From   tashi lama <[email protected]>
To   <[email protected]>
Subject   RE: st: data manipulation prob.
Date   Thu, 7 Jun 2012 18:15:21 +0000

Awesome....thanx ton.
----------------------------------------
> From: [email protected]
> To: [email protected]
> Date: Thu, 7 Jun 2012 18:41:45 +0100
> Subject: RE: st: data manipulation prob.
>
> I am going to guess that there is a panel structure too, hidden from this example.
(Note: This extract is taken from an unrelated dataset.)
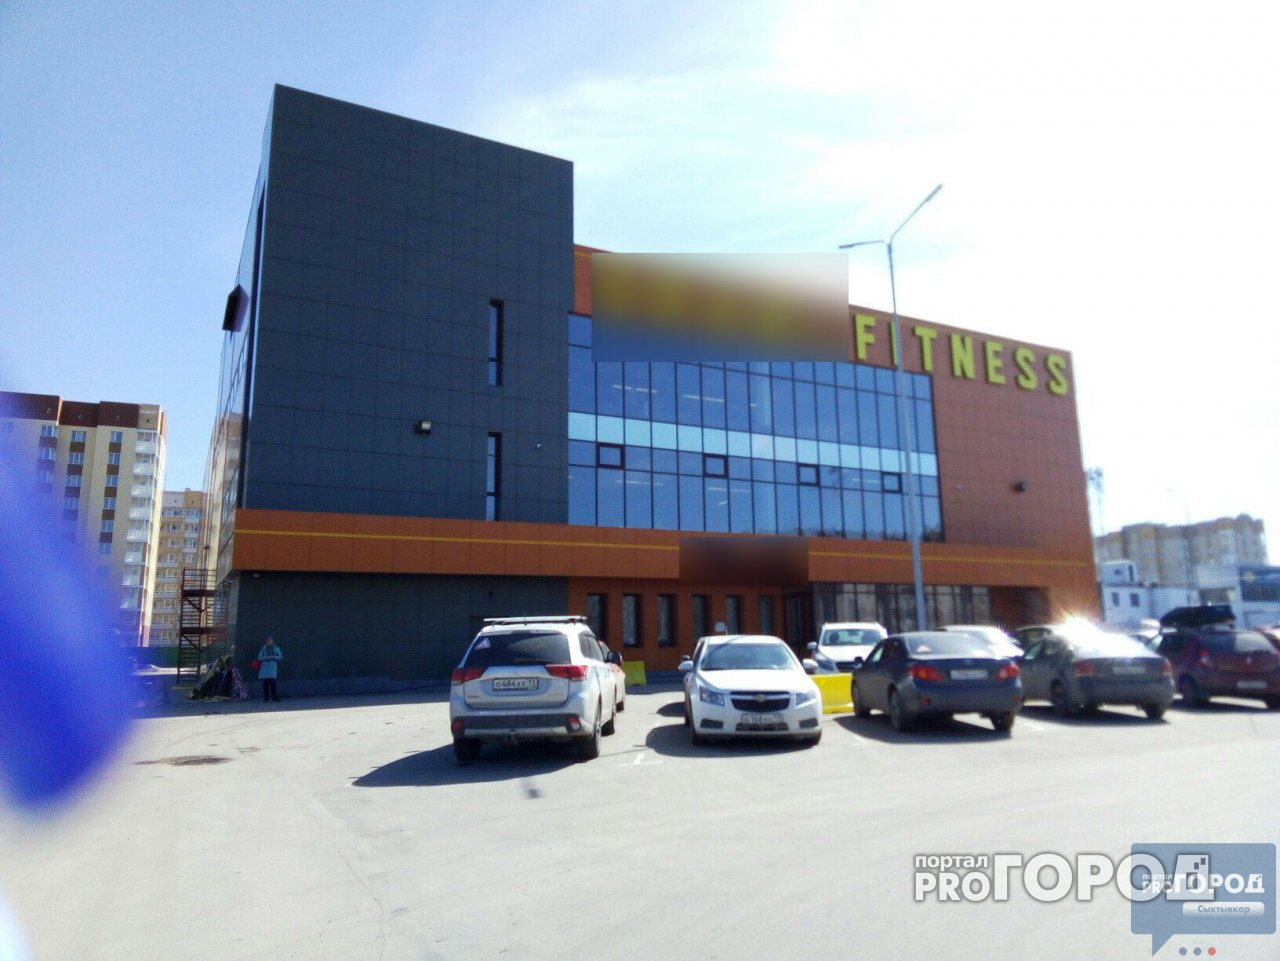 В Сыктывкаре закрылся популярный фитнес-клуб Gold's Gym (фото)

Consider
>
> bysort id (date) : gen sumhits = sum(hits)
> by id : egen when_halfway = min(date / (sumhits >= (sumhits[_N] / 2)))
> by id : gen time_halfway = when_halfway - date[1]
>
> For more on the trick in the second line, see
>
> SJ-11-2 dm0055 . . . . . . . . . . . . . . Speaking Stata: Compared with ...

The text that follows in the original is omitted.